It was a very hot day but by our evening meeting there was a bit of a breeze. About thirty people attended and took the farm tour offered by farm owner Carolyn Krome with her husband Mike, driving the flatbed “tour mobile.” Persimmon Tree Farm was the first horse farm to receive the Farm Stewardship Certification and Assessment Program (FSCAP) recognition from the Maryland Association of Soil Conservation Districts. Following her example, 28 horse farms were certified, covering over 3,000 acres in the Maryland Chesapeake Bay water shed. Meadowbrook Stables is the most recent FSCAP certified horse farm. The Maryland Horse Council is a leader in encouraging horse farms to receive recognition for their quality farm management – with nutrient management and conservation plans – creating a healthy home for horses and protecting the natural environment.
Persimmon Tree Farm, in addition to lovely pastures, has plantings of pollinators, reconstructed wetlands and native grasses. These plantings are supported by the Conservation Reserve Program.
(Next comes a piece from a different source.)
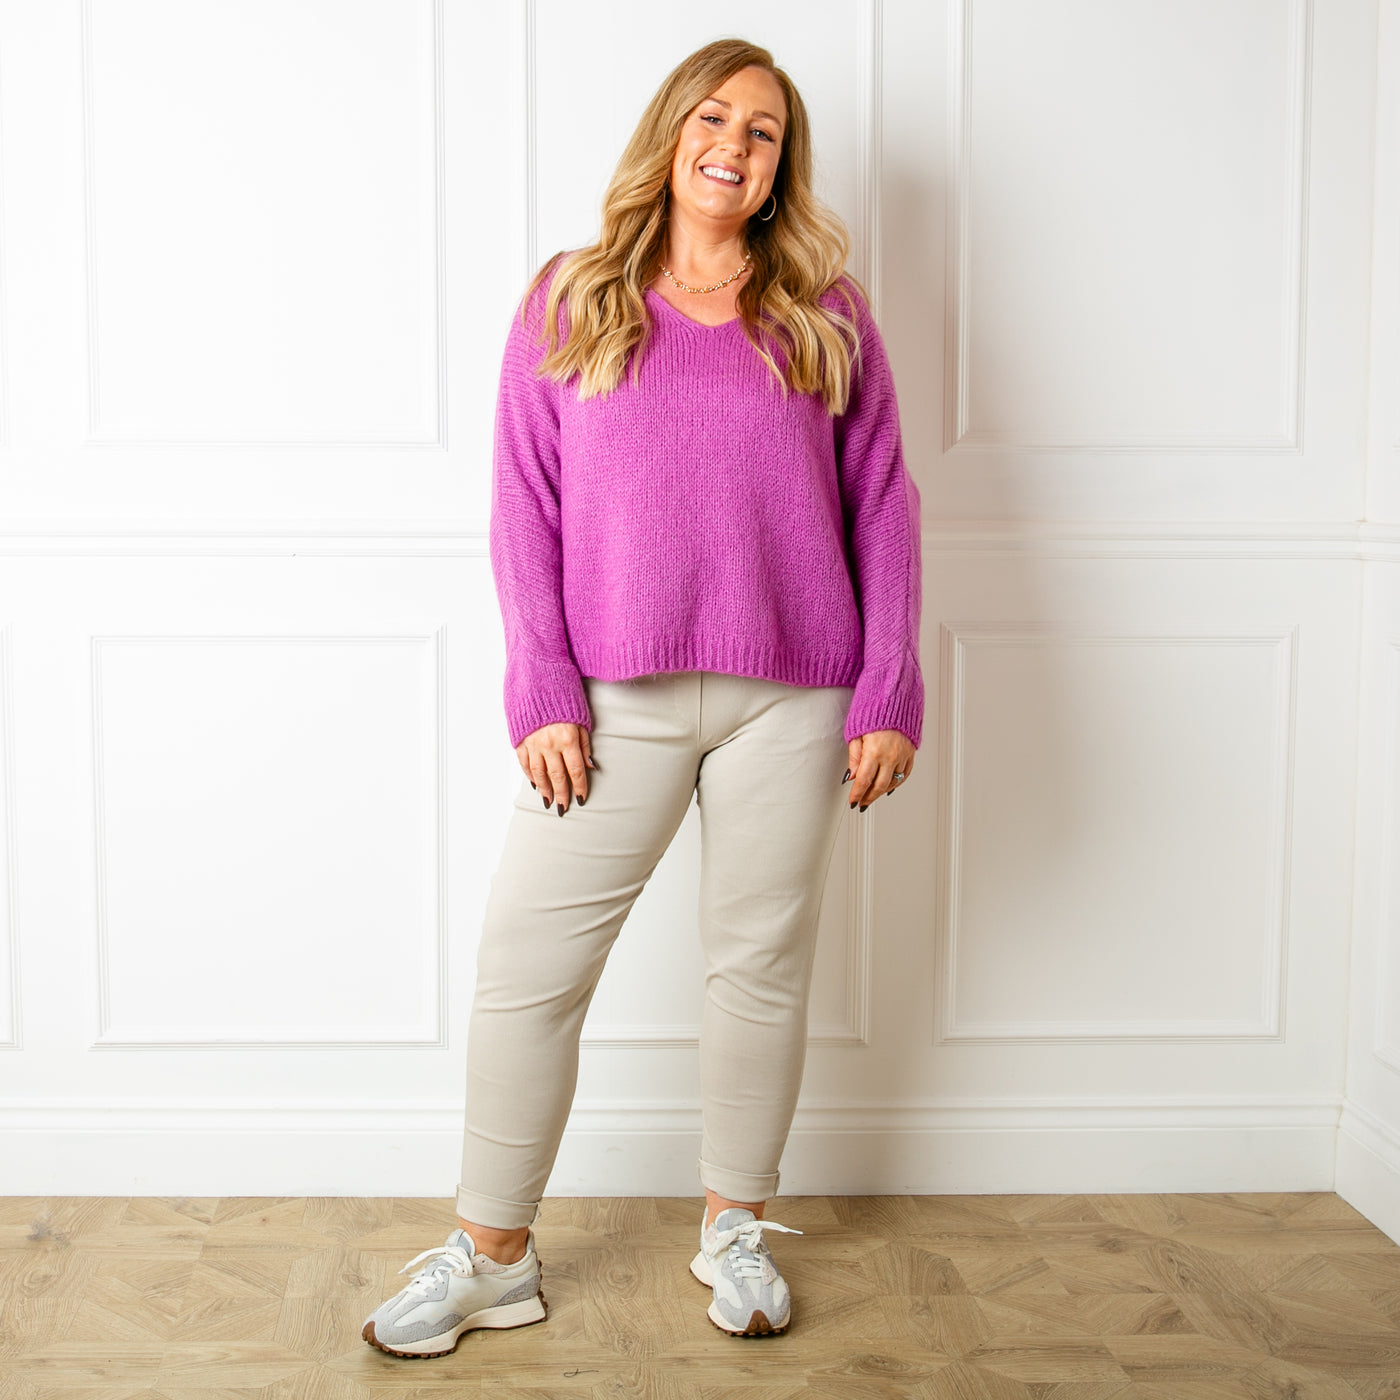 The plum purple Mohair V Neck Jumper, our bestselling jumper, which is great for layering

What is the Conservation Reserve Program (CRP)?The Conservation Reserve Program (CRP) is a land conservation program administered by the Farm Service Agency (FSA). In exchange for a yearly rental payment, farmers enrolled in the program agree to remove environmentally sensitive land from agricultural production and plant species that will improve environmental health and quality. Contracts for land enrolled in CRP are 10-15 years in length. The long-term goal of the program is to re-establish valuable land cover to help improve water quality, prevent soil erosion, and reduce loss of wildlife habitat.
After the farm tour, we returned to the ring-side picnic tables for sandwiches sponsored by the American Wood Fibers company. Our speakers program was organized by Carolyn Krome. First to address the group was Bryan Harris of the Maryland Department of Agriculture who described the process of preparing a nutrient management plan which is required in the state for any horse farm with eight or more horses. The nutrient management plan is prepared by a certified planner and confidentially filed with the Department of Agriculture. Questions from the group included whether manure deposited by horses in the field needs to be counted – no, at least not yet; when is winter spread prohibited – November 15 to March 1 – and there are programs available for cost-sharing to build manure storage units; and if the place where hauled-off manure is taken is tracked – not really.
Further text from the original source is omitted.